John Mametsa
- Born: Sello John Mametsa 10 March 1981 (age 44)
- Height: 1.73 m (5 ft 8 in)
- Weight: 78 kg (172 lb)

Rugby union career
- Position: Wing

Provincial / State sides
- Years: Team / Apps / (Points)
- 2002–2010: Blue Bulls / 136 / (355)

Super Rugby
- Years: Team / Apps / (Points)
- 2008, 2010: Bulls / 6 / (5)

International career
- Years: Team / Apps / (Points)
- N/A
- Correct as of Dec 2010

= John Mametsa =

South African rugby union player

Sello John Mametsa (born 10 March 1981 in Polokwane) is a South African rugby union player, the first black South African to have appeared in 100 Currie Cup games.

==Playing career==
Starting as a junior with the Gauteng franchise the Vodacom Blue Bulls in 2001, Mametsa has since appeared for the Bulls in the Vodacom Cup, the Currie Cup, and the Super 14 series, usually on the wing.
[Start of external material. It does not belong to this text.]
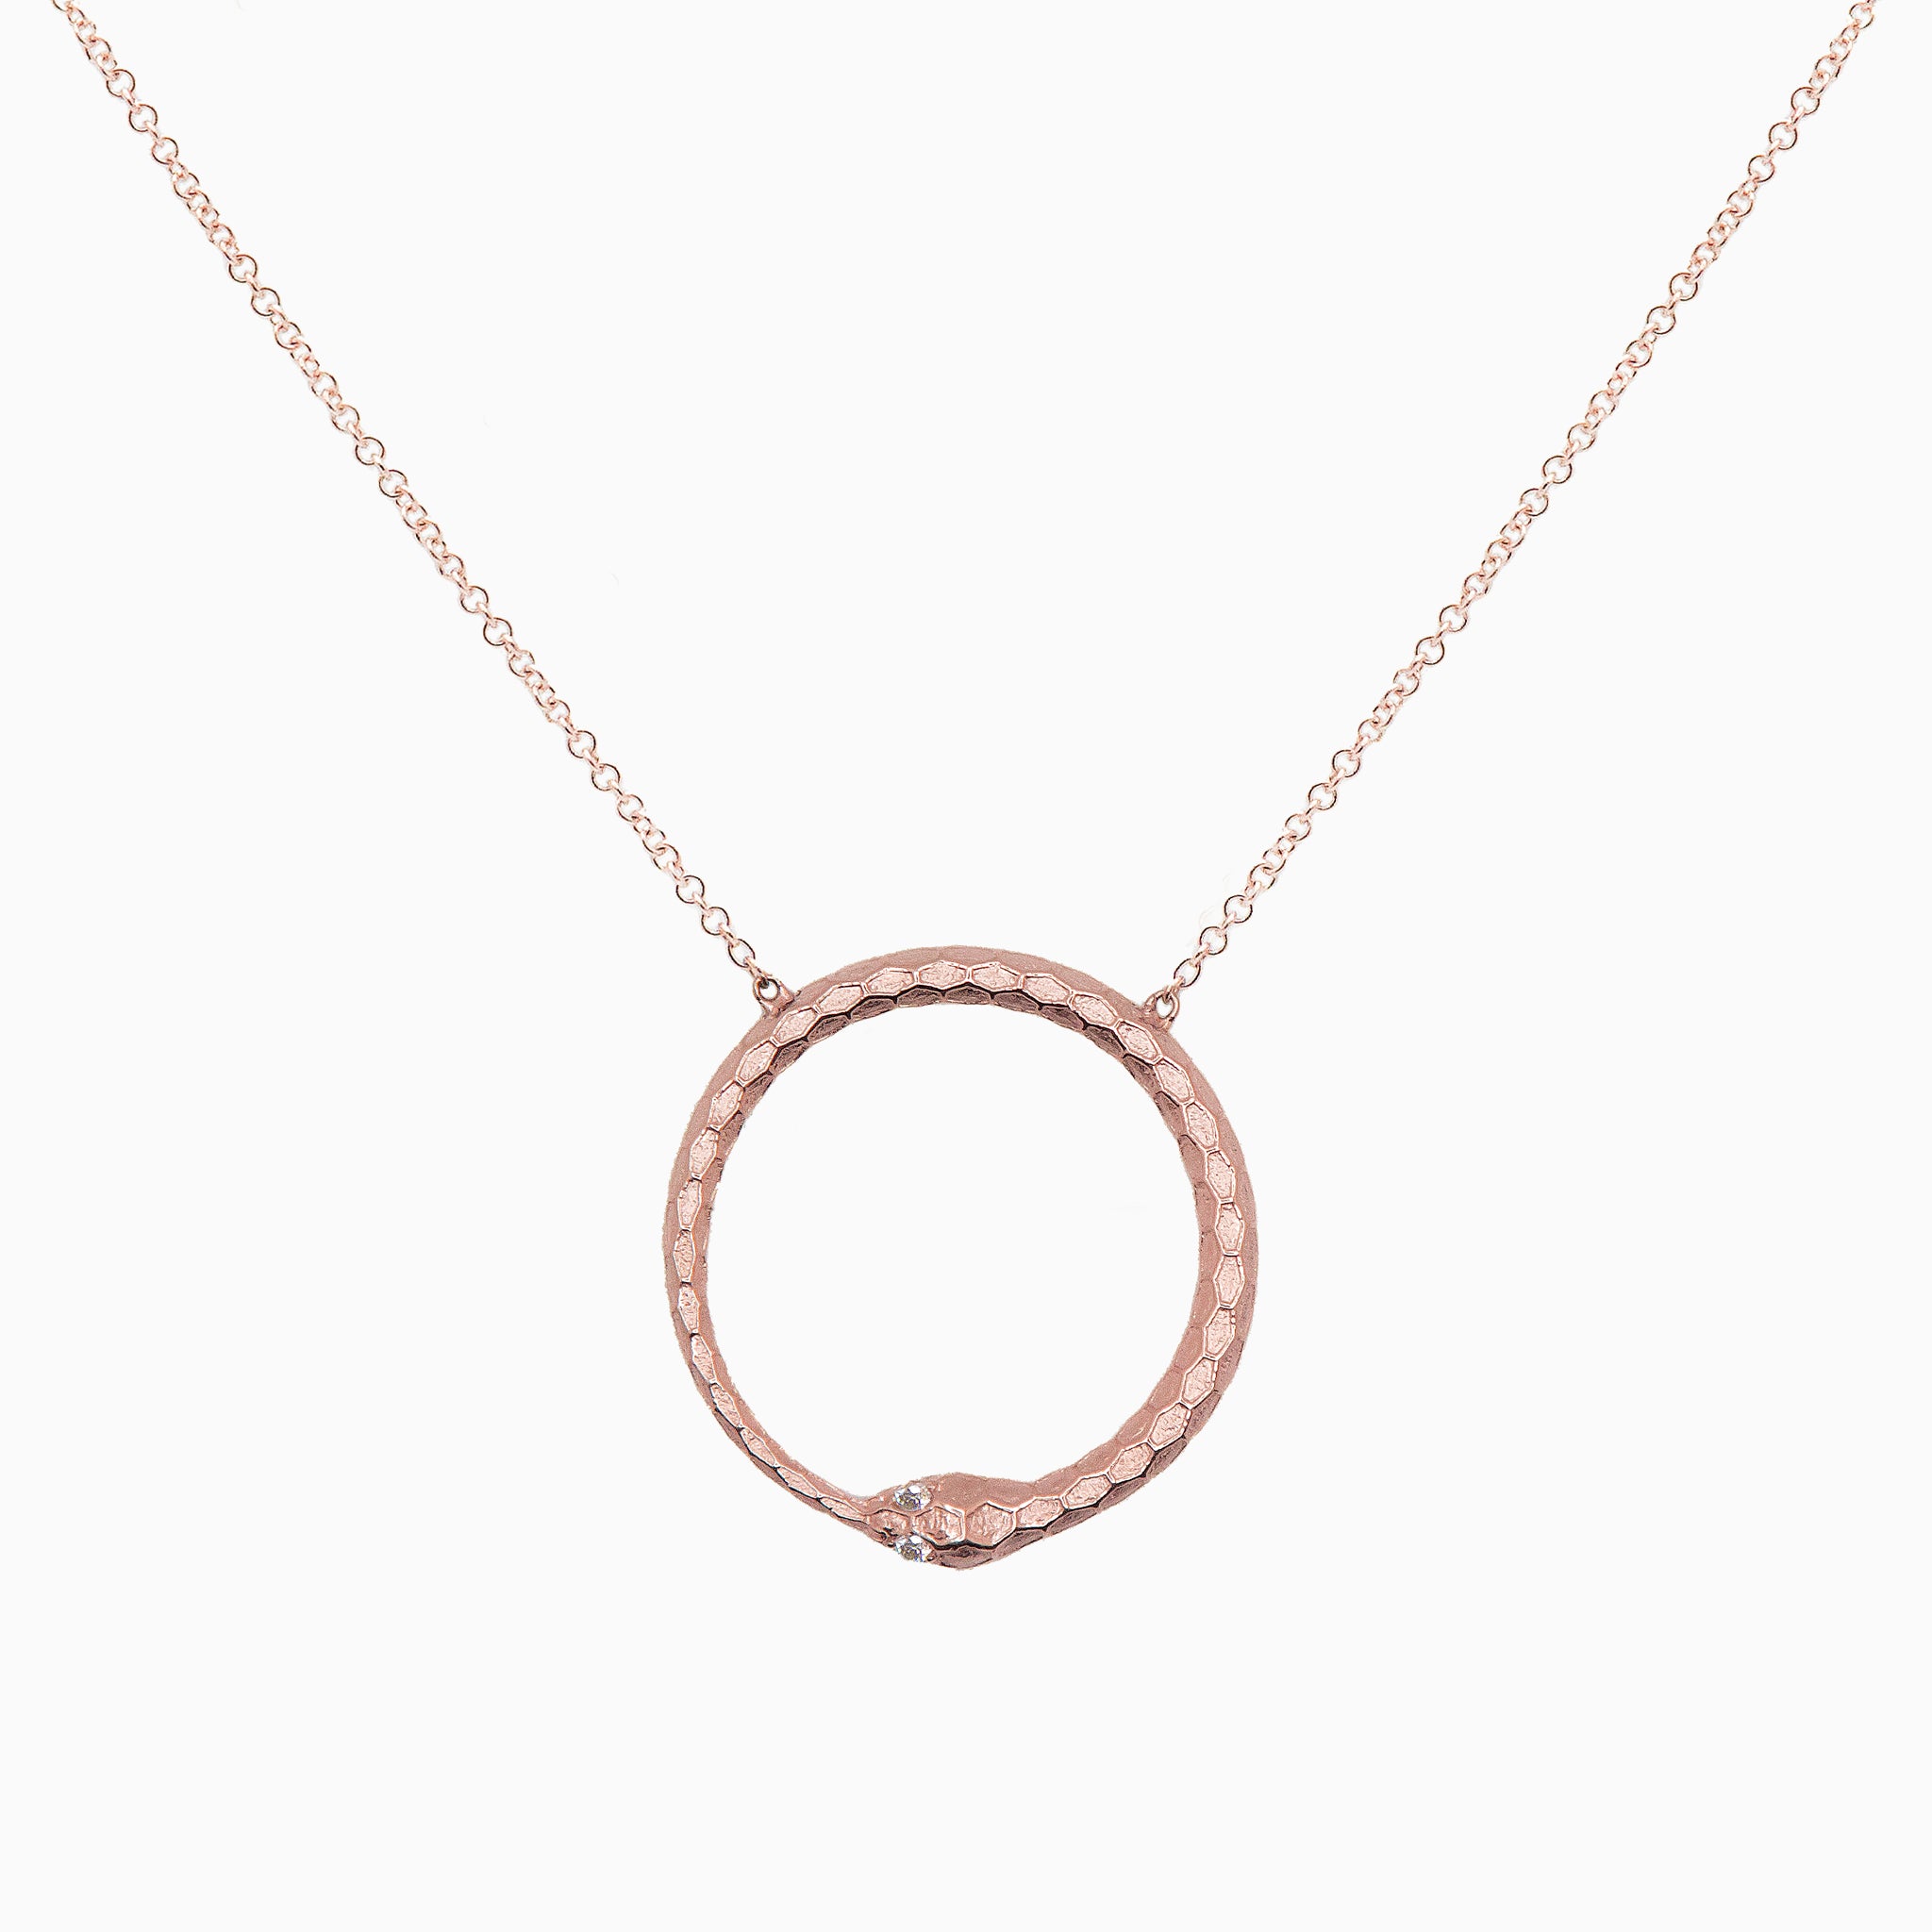 14k Rose Gold 20mm Ouroboros Snake with Diamond Eyes Necklace

Making his Currie Cup debut in 2002, Mametsa was named Currie Cup player of the year in 2003. During his 100th game against the Lions at Ellis Park Stadium on 21 June 2008, he scored three tries for the Bulls, and went on to score the most tries (7) by any Bulls player that year. He was part of the Blue Bulls team that won the Currie Cup in 2003 and 2004, and that shared the trophy with the Vodacom Cheetahs in 2006.

He was also part of the Blue Bulls team who won the 2008 Vodacom Cup against the Lions.

In 2008 he made his debut in the Super 14 series, winning 6 caps.

During his career from 2002 to 2010, Mametsa played 136 provincial games for the Blue Bulls, scoring 355 points. When he retired in 2010, his 71 career tries placed him third on the list of all-time tries scored by Blue Bulls players, and joint 10th on the Blue Bulls' list of most career matches.

He scored a hattrick in his 100th match for the Blue Bulls against the Lions in the 2008 Currie Cup which the Bulls won 21-7.

==Miscellaneous==
On 18 October 2008, one week prior to the Absa Currie Cup final in which he was to play on the losing side against the Natal Sharks, Mametsa was assaulted by traffic police and arrested for seven hours. Mametsa had intervened on behalf of teammate Fudge Mabeta, an occasional lock for the Bulls, who had allegedly reversed his car into a traffic official’s vehicle. All charges against Mametsa were withdrawn in the Hatfield Community Court on 2 June 2009.

==Accolades==
in 2003, Mametsa was one of the five nominees for Young Player of the Year, along with Schalk Burger, Jaque Fourie, Fourie du Preez and recipient of the award, Ashwin Willemse.